Two months later, he returns to the subject in these terms:—
"I must tell you, by the way, that I owe reparation to the memory of the Champmeslé, who died in a sufficiently good state of mind, after having renounced the play, very repentant for her past life, but especially distressed at having to die."
"There is no conversion," very justly remarks M. Larroumet, "that can possibly excuse such language as this."
Mlle. de Champmeslé left behind her two brilliant pupils. The first was Mlle. Duclos, daughter of a former member of the Marais troupe named Châteauneuf, who made her début at the Comédie-Française in 1693, and was soon afterwards engaged to understudy the great actress in first tragedy parts. She excelled in rôles requiring "majesty of bearing and the impetuous sway of passion," and in such secured several notable successes; but her style both of speaking and acting seems to have been very artificial. She was, moreover, cursed with a most abominable temper, which made her a perfect terror to her colleagues at rehearsals, and which she could not always control, even before the audience. At the first performance of La Motte's Inès de Castro, in 1723, a scene which was intended to be intensely pathetic excited the merriment of the pit, upon which Mlle. Duclos, who was playing Inès, stopped the performance, and coming to the front of the stage, shouted angrily, "Foolish pit! You are laughing at the finest thing in the play." On another occasion, when Dancourt apologised to the audience for the lady's non-appearance in one of her most popular rôles, at the same time indicating, by a significant gesture, the cause of her indisposition, the actress, who happened to be standing in the wings, rushed on to the stage, beside herself with passion, and soundly boxed her facetious colleague's ears, amid roars of laughter. In 1733, when in her fifty-sixth year, Mlle. Duclos was foolish enough to marry an actor named Duchemin, a youth scarcely seventeen! Two years later, she was compelled to obtain a separation from her juvenile husband, whom she alleged had "maltreated her daily," and dealt her "coups de pied et de poing tant sur le corps que sur le visage." Mlle. Duclos's most successful creation was Zénobie, in the Rhadaminthe et Zénobie of Crébillon, and among her other impersonations were Ariane, in Thomas Corneille's play of that name, Josabeth, in Athalie, Hersélie in La Motte's Romulus, and the title-part in the Électre of Longpierre. She retired, in 1733, with a pension of 1000 livres from the theatre, and another of the same amount from the court, which she enjoyed for twelve years.

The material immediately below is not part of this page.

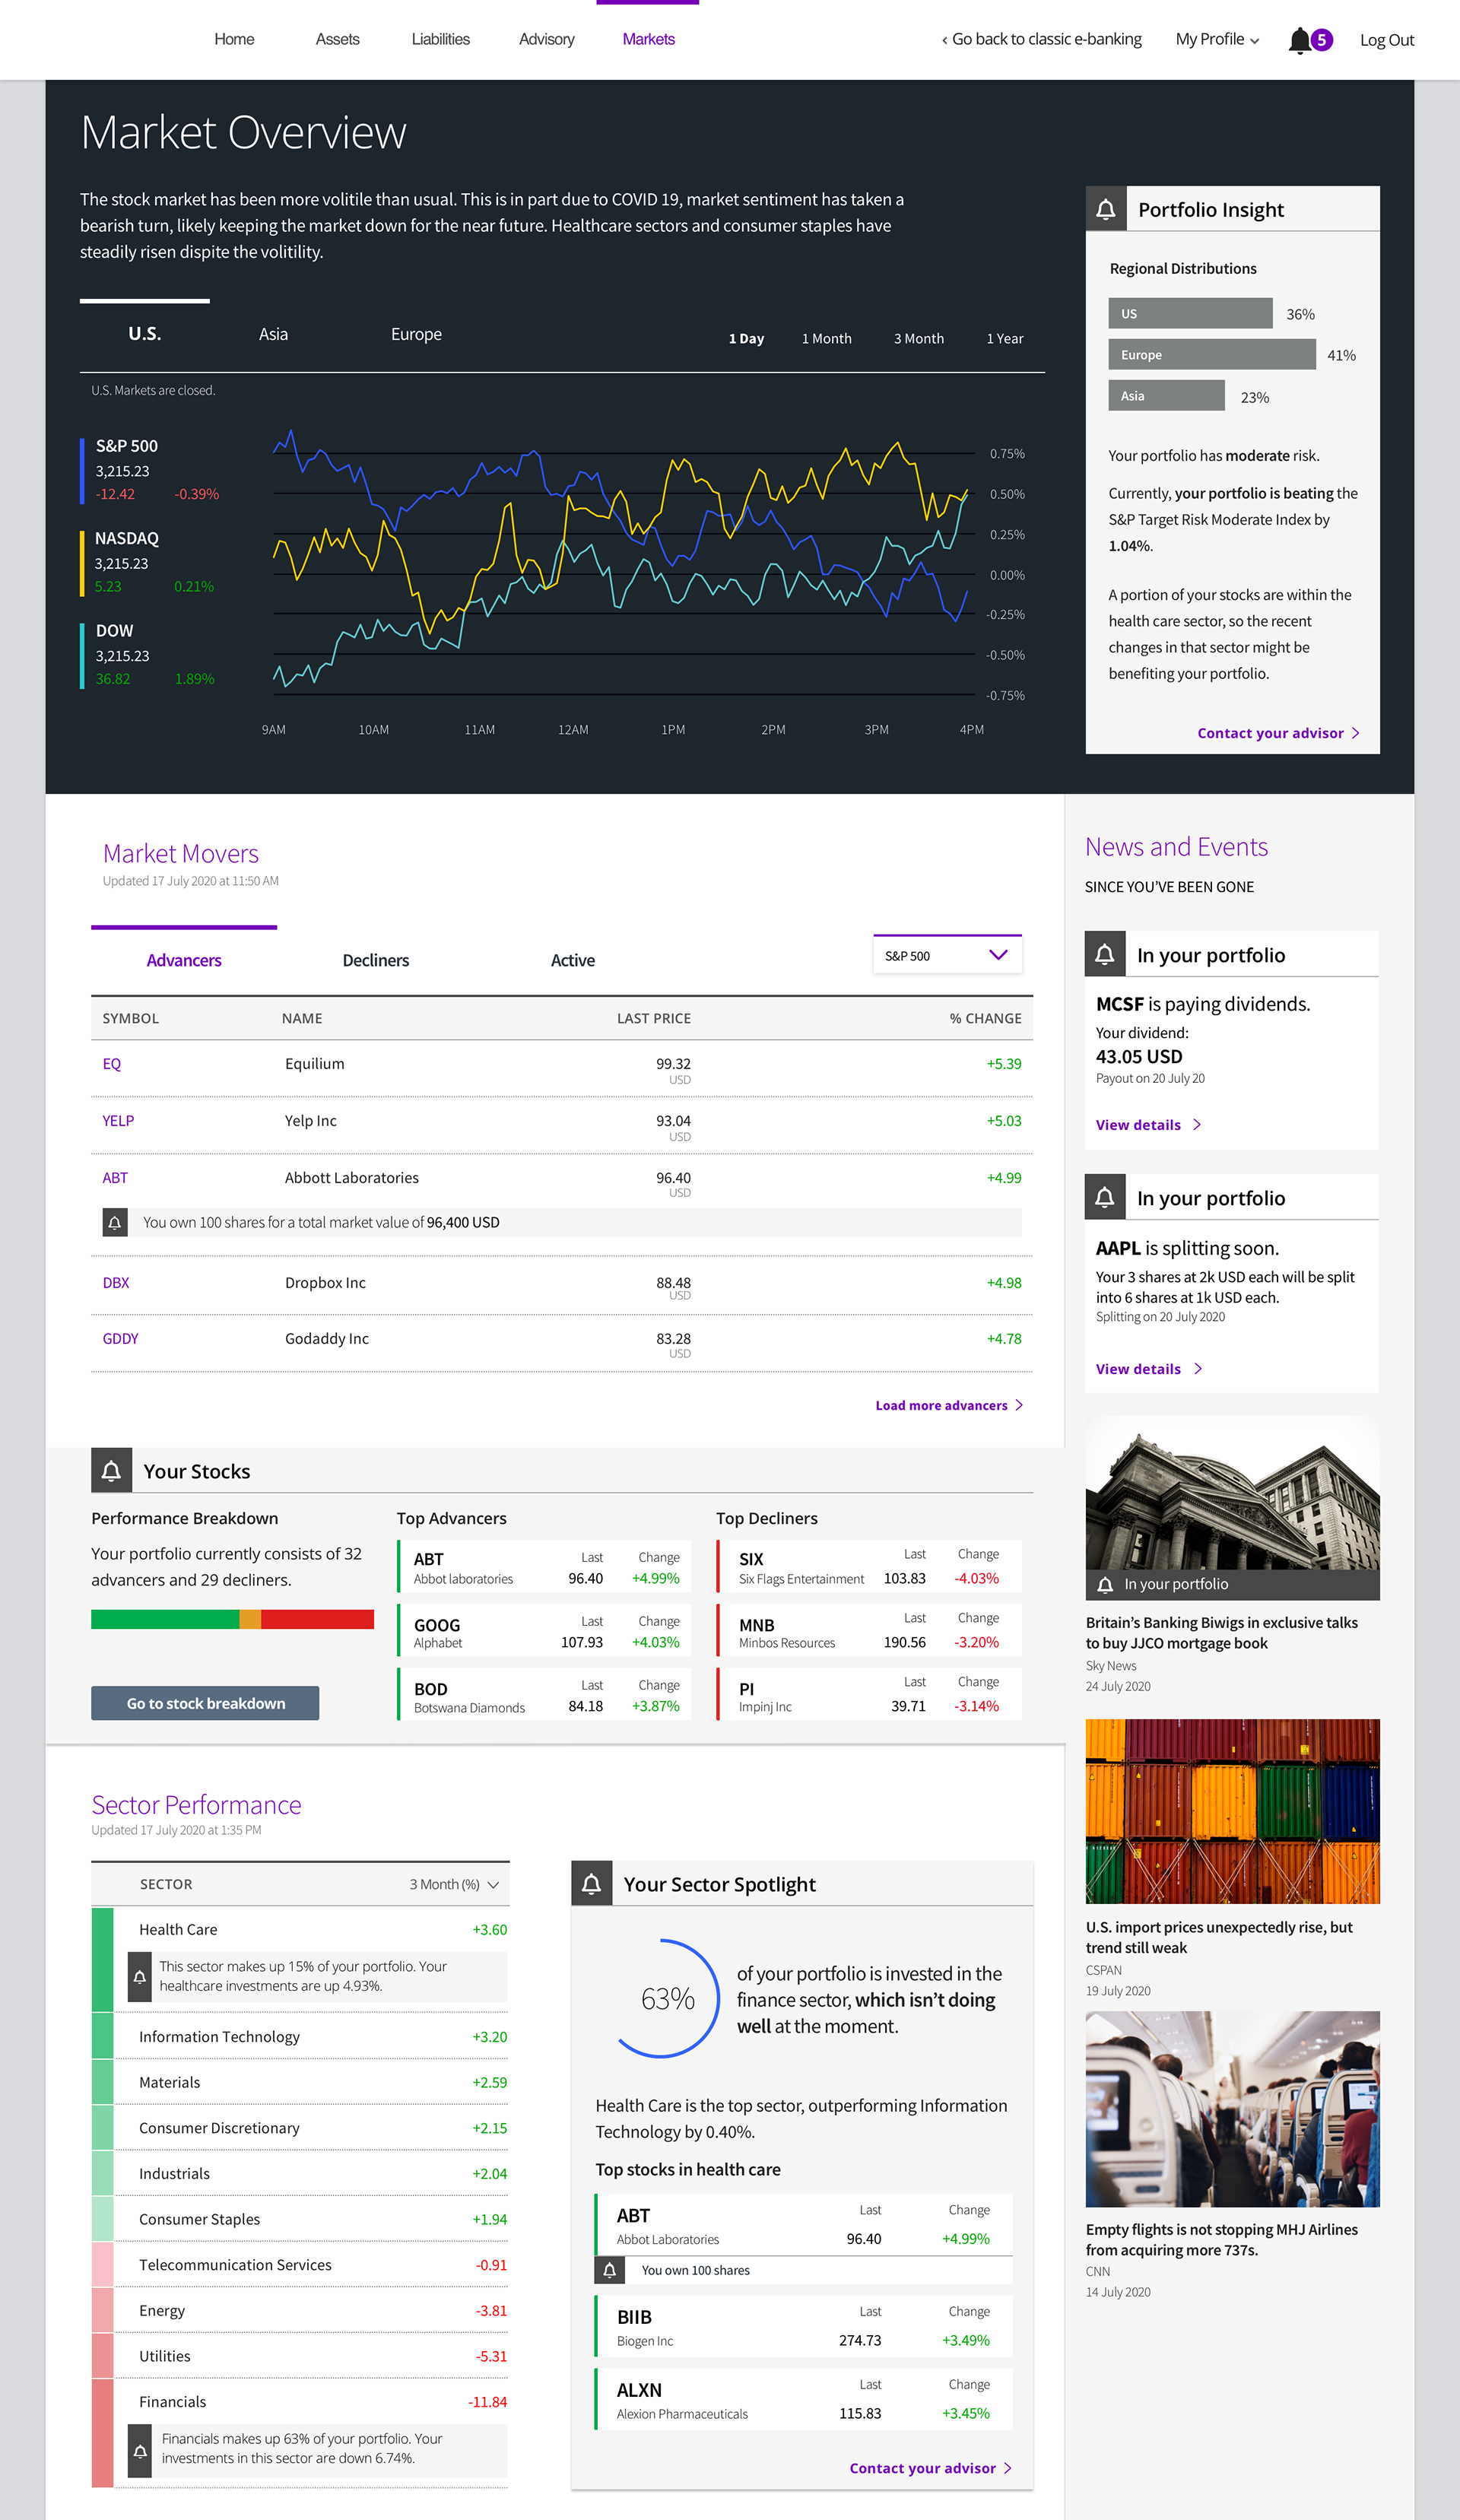 Image of the market overvierw page UI design

The second of Mlle. de Champmeslé's pupils was her own niece, Charlotte Desmares, of whom we have already spoken. After playing in child-parts for some years at the Comédie-Française, Mlle. Desmares made her début in 1699, the year after her aunt's death. She was an exceedingly pretty young woman, and, though inferior to Mlle. Duclos in declamatory tragedy, greatly her superior in pathetic rôles. Her best tragedy parts were Iphigénie in La Grange-Chancel's Oreste et Pilade, which had been Mlle. de Champmeslé's last creation, Sémiramis in Crébillon's play of that name, Jocaste in the Œdipe of Voltaire, and Antigone in La Motte's Machabées, which crowned her career. She was even more successful in comedy, and no better soubrette had been seen since the days of Madeleine Béjart. In 1715, she became the mistress of the Regent d'Orléans, by whom she had a daughter. "My son," wrote the old Duchesse d'Orléans, "has been presented with a daughter by the Desmares. She tried to pass off another child on him as his, but he replied, 'Non, celui-ci est par trop Arlequin.'"
Mlle. Desmares retired from the stage in 1721, and died in 1743 at the age of sixty-one.
Charles de Champmeslé did not long survive his wife. A curious story attaches to his death. On the night of August 19-20, 1701, he dreamed that his dead mother and his wife appeared to him and beckoned him to follow them. Convinced that this dream was a warning of his approaching death, he went, early the following morning, to the church of the Cordeliers, and, handing the sacristan a thirty-sol piece, requested him to have two Requiem Masses said for the souls of his departed relatives. Then, as the monk was about to return him the change—the fee for a Mass was ten sols—the actor exclaimed: "Keep the balance and say a third Mass for me; I will stay and listen to it." On leaving the church, Champmeslé made his way to a tavern adjoining the Comédie-Française, and sat down on a bench by the door, where he remained for some time, deep in thought. Presently he entered the theatre and walked about the foyer, muttering to himself the old proverb: "Adieu, paniers! vendanges sont faites" ("Farewell, baskets! the grapes are gathered"). He repeated this so often, and his manner appeared so strange, that his colleagues feared his mind had suddenly become affected. But, after a while, he recovered his usual cheerfulness, and invited his brother-in-law, Nicolas Desmares, and several others to dine with him at the tavern, in order to settle some dispute which had arisen between two of them. Scarcely, however, had they reached the door, than Champmeslé staggered, put his hands to his forehead, and fell, face downwards, on the floor. When his friends raised him up, he was dead.